Bortolotti does a nice job of taking us through, step-by-step, how to ultimately place your ETF orders on your brokerage’s website, when and how to use DRIPs (Dividend Re-Investment Plans), whether or not you should use U.S. listed ETFs, and some tricks of the trade.

Step 8: Keep it in Balance.

When and how often you should re-balance your portfolio is the topic presented in this chapter.  Bortolotti also finally presents and discusses the alternative to a multi-fund ETF portfolio: the One-Fund or All-in-One ETFs that have recently become available over the last few years.  He explains clearly how for many of us, an all-in-one ETF may be all that we ever need in our portfolios!  Here, those of us that appreciate the elegance, diversification and simplicity (under which lies an amazing complex of holdings) of the VEQTs, XGROs, and VBALs will be very satisfied.

Step 9: Stay the Course.

This is an excellent final chapter to Reboot Your Portfolio.  Bortolotti is honest and shoots straight from the hip about how ETF investing is not sexy, exciting or supercharged.  It’s an important discussion on why being boring wins in the long run.  It prepares us for the battles we will ultimately face as passive index investors. 

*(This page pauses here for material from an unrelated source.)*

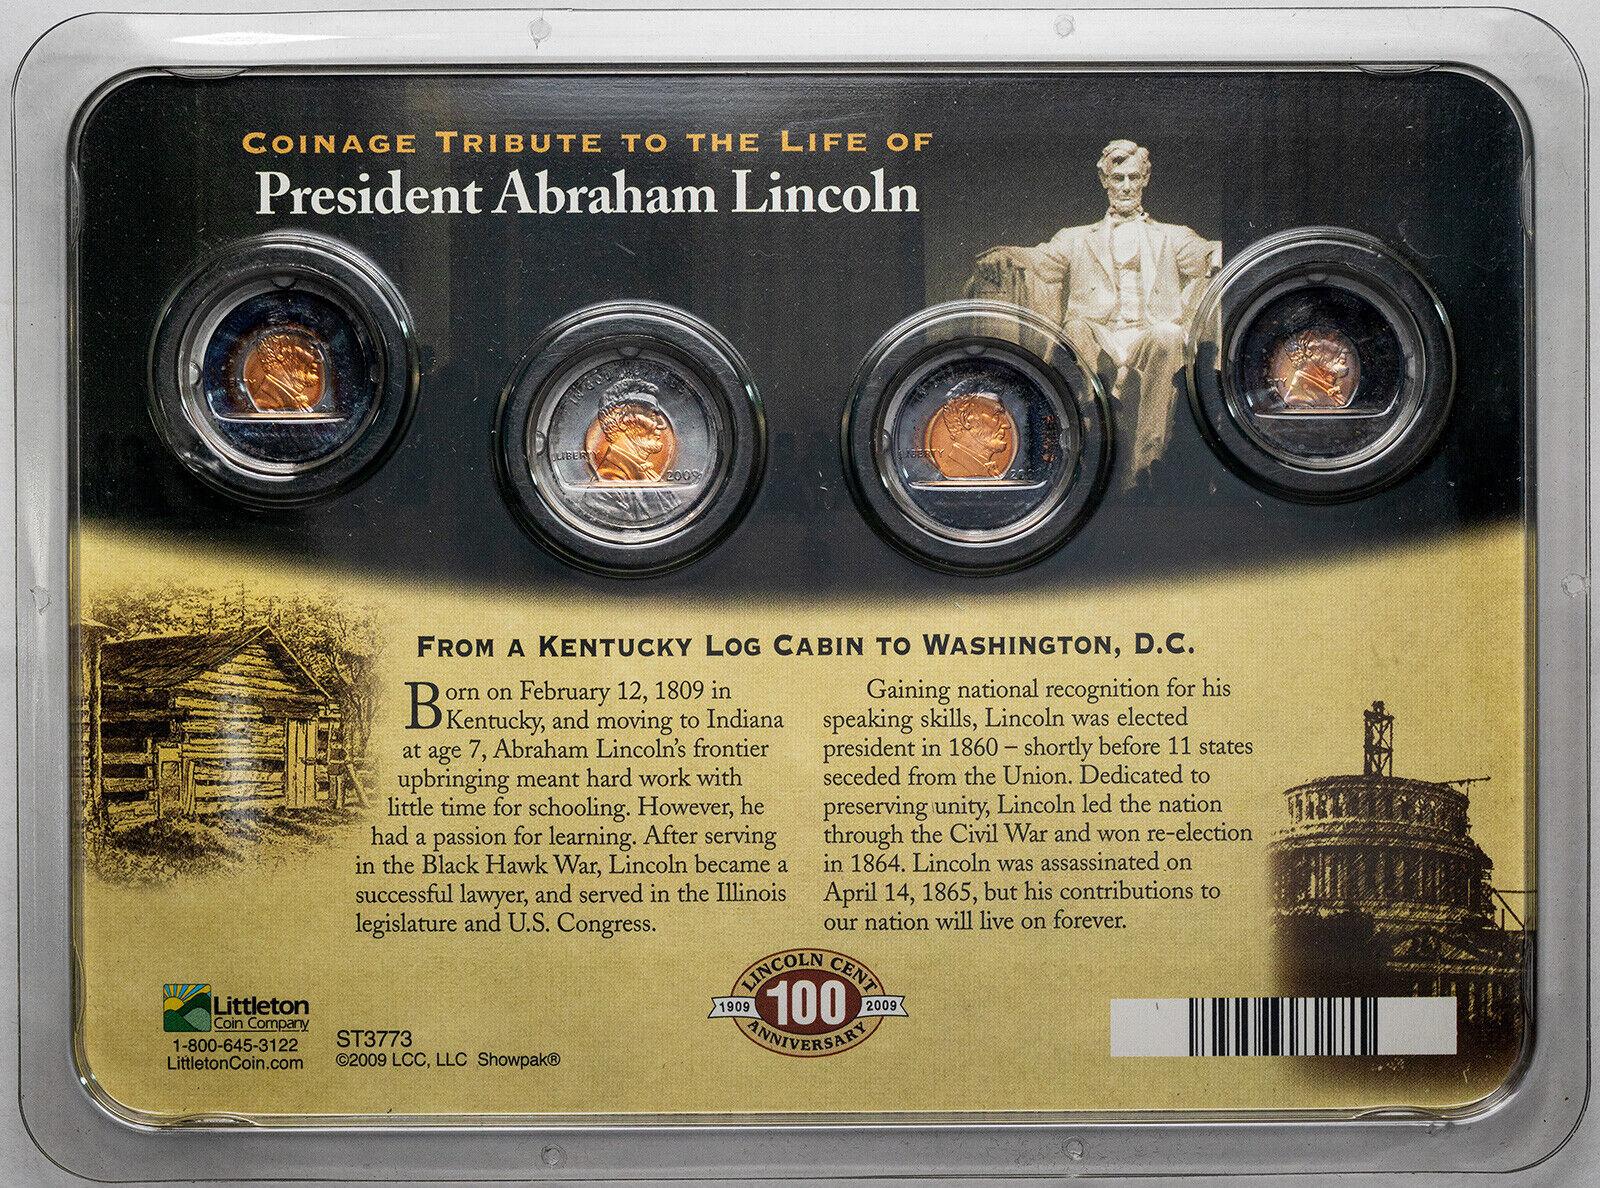 2009 LINCOLN ANNIVERSARY SET 4 COIN SET BICENTENNIAL DESIGNS GEM TONED MONSTER - $33.75
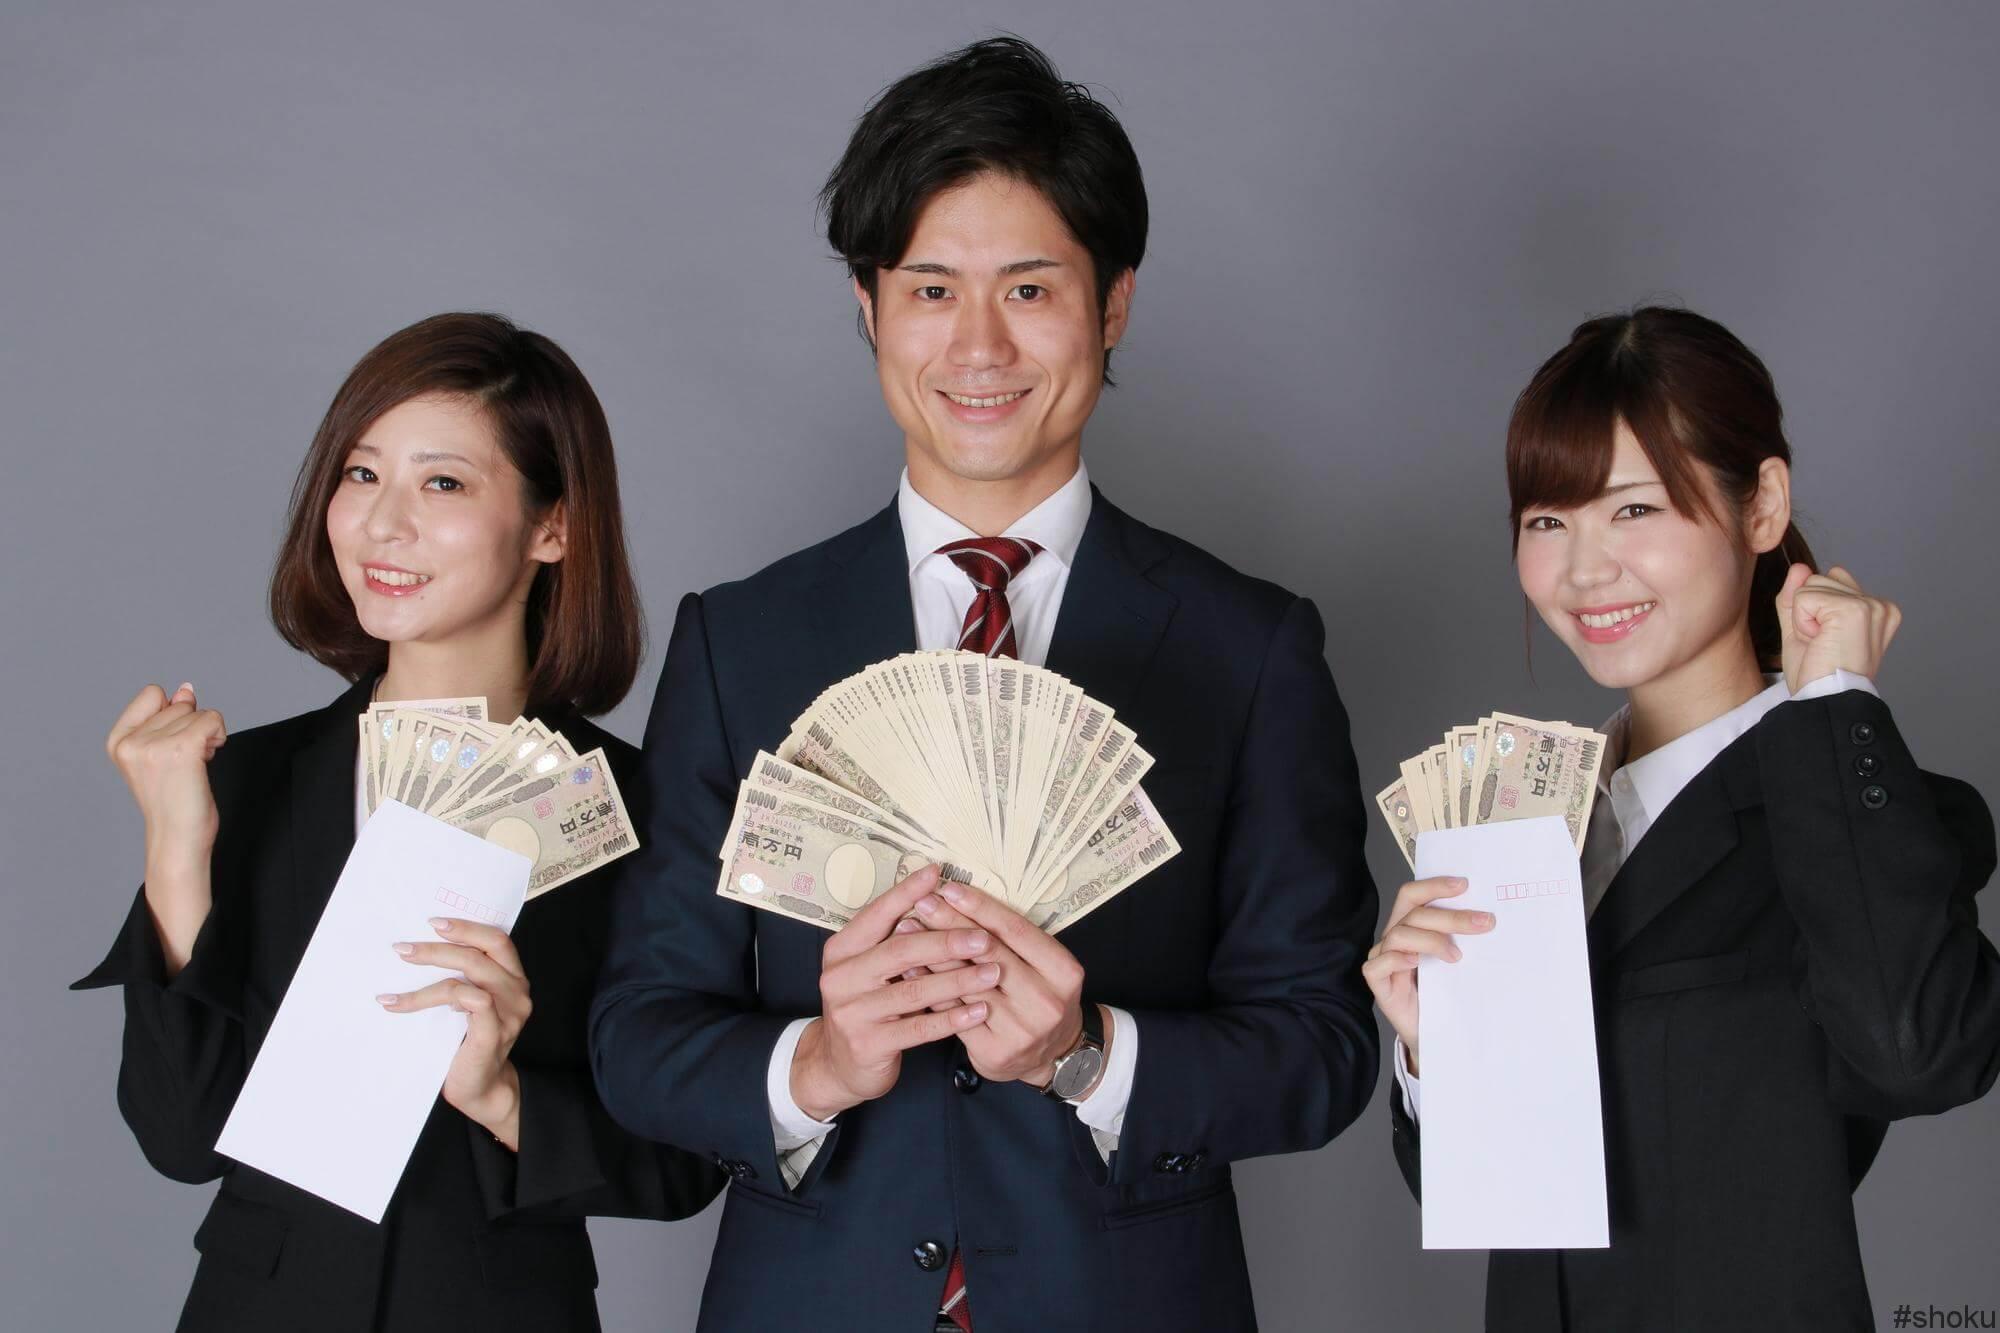 収入が増えて喜ぶ人々

What do you do when your family and friends are bragging about their 10-baggers, or how Tesla will continue to climb to the sky?  He discusses ‘Analysis Paralysis’ and how more choices are not always better.  How and why you should ignore market predictions.  Why you should ignore the urge to pick stocks or ‘do something’.  Why the fear of missing out (FOMO) should not be feared.  Why you do not want to overestimate your risk tolerance.  Why you should not listen to the financial industry’s BS or what will happen if you don’t give your portfolio time to work.  And, finally, how to become successful as an indexing zealot…

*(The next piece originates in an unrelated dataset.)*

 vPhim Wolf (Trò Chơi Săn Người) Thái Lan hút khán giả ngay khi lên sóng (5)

Overall, Reboot Your Portfolio is an excellent book that should be placed on the Must Read list for those entering the world of passive ETF investing.  It is up-to-date, timely, and lays out passive investing concepts clearly and competently.  For those who are more experienced with passive investing, it is a great review and would also make a great gift or suggestion for those who are picking your brains about ETFs.  Overall, I give Reboot Your Portfolio two thumbs up.

Matt’s Note: Having recently finished the book myself, I can vouch for Stefan’s assessment.  There is no shortage of financial information these days, but what Bortolotti does is fill in those last few pieces of creating and implementing a simple but effective investment strategy.  And he does it in a way that is easy-to-read, organized and beautifully practical.  Highly recommended.